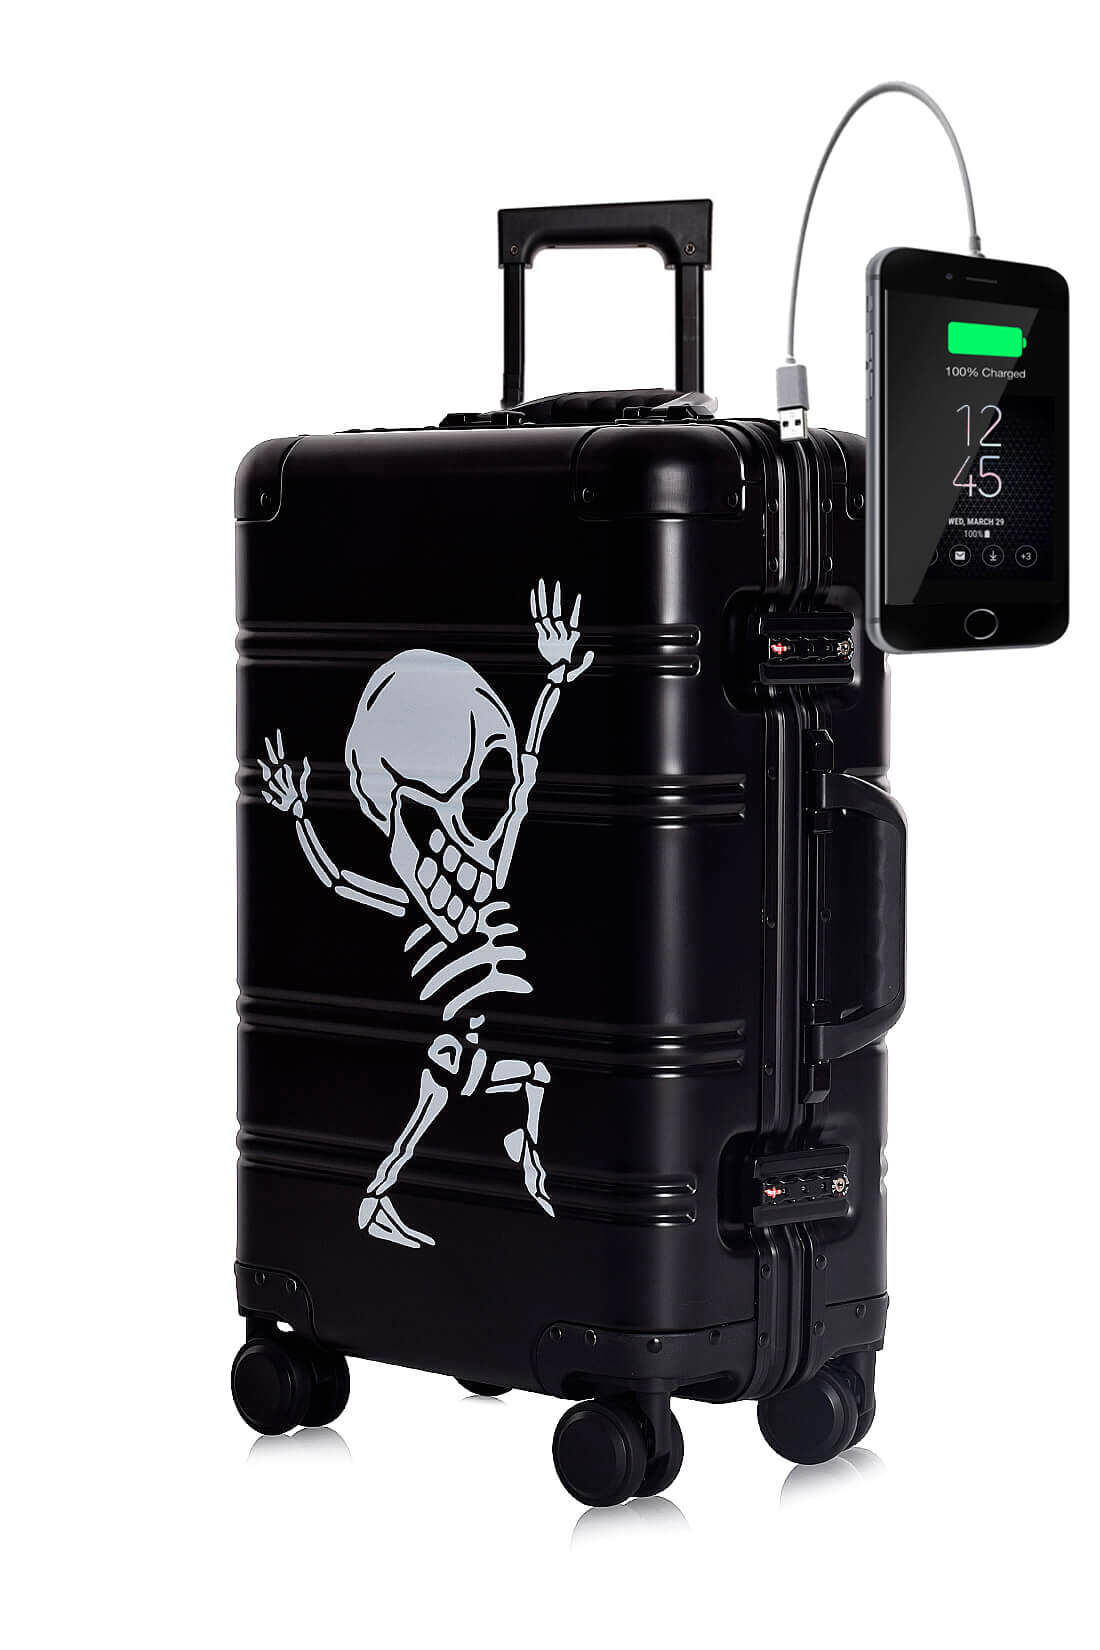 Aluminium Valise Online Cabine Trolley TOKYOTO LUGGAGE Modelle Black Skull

* * *

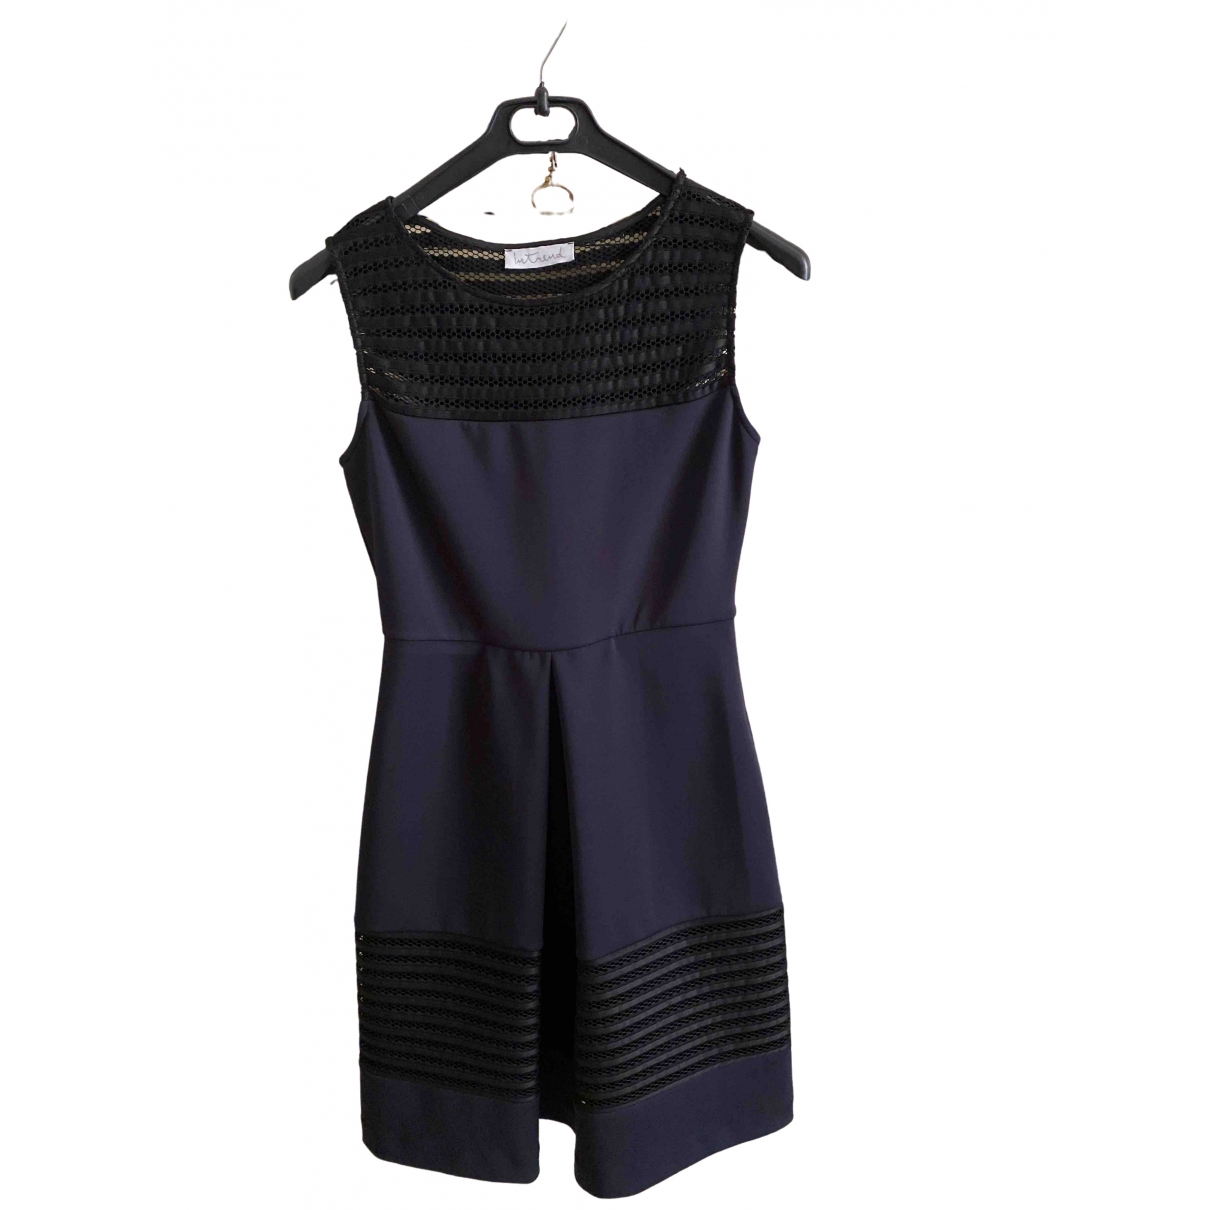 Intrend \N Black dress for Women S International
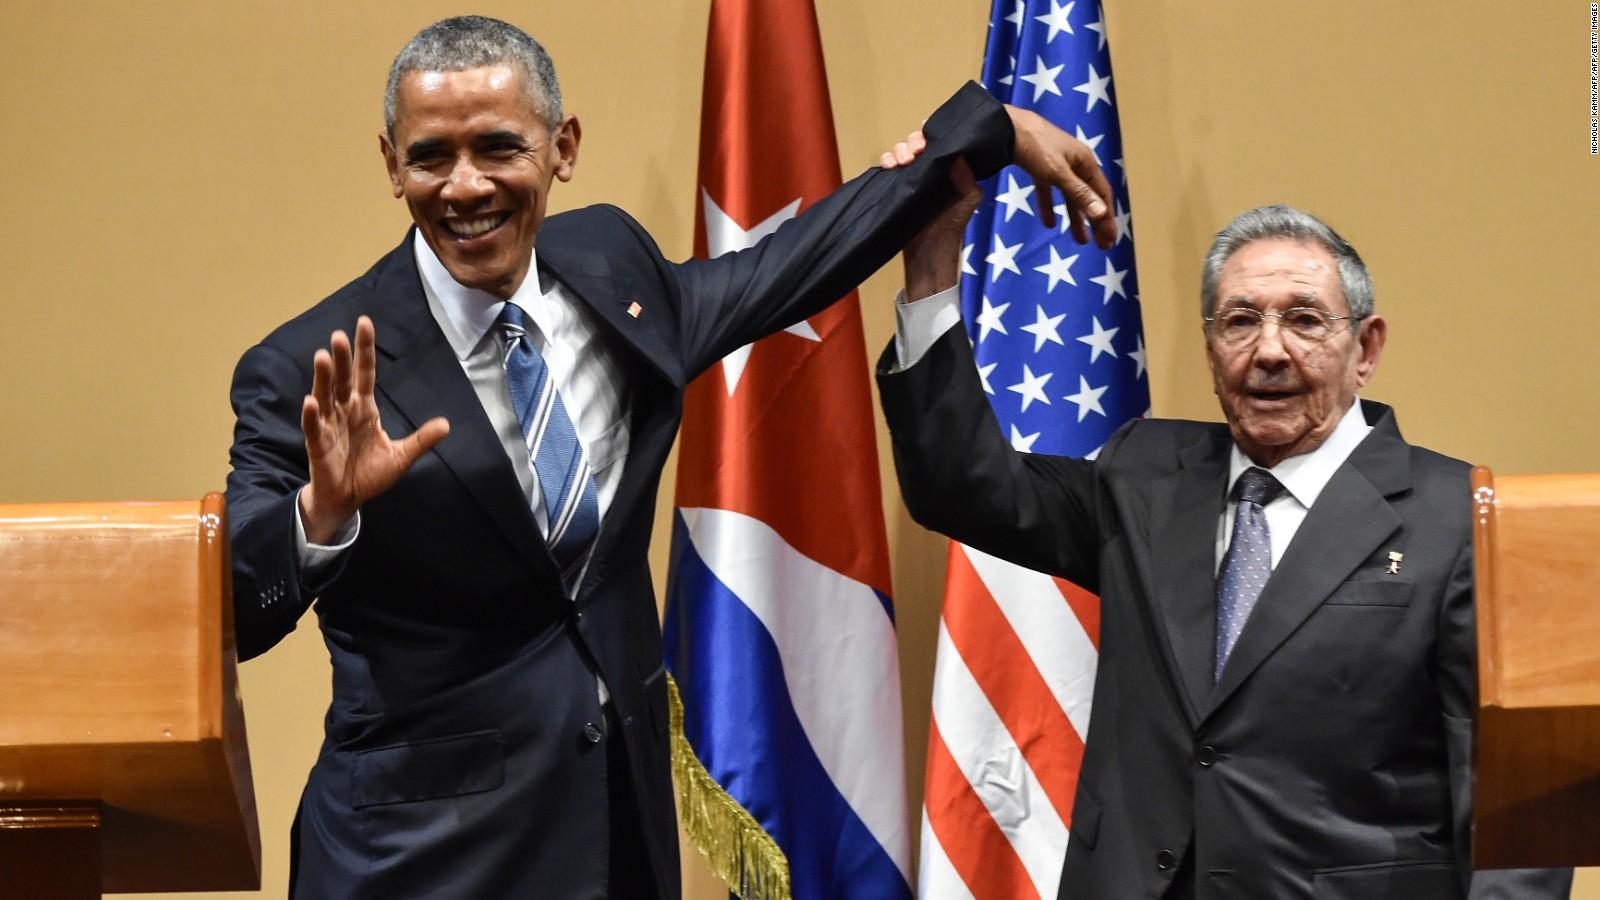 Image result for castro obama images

→ **DESCRIPTION OF THE TASK**
Leave out the images and write out the lines above exactly, from the one with "Intrend \N Black" up to and including the one with "Image result for castro obama images".

→ **RESULT OF THIS TASK**
 Intrend \N Black dress for Women S International
 Image result for castro obama images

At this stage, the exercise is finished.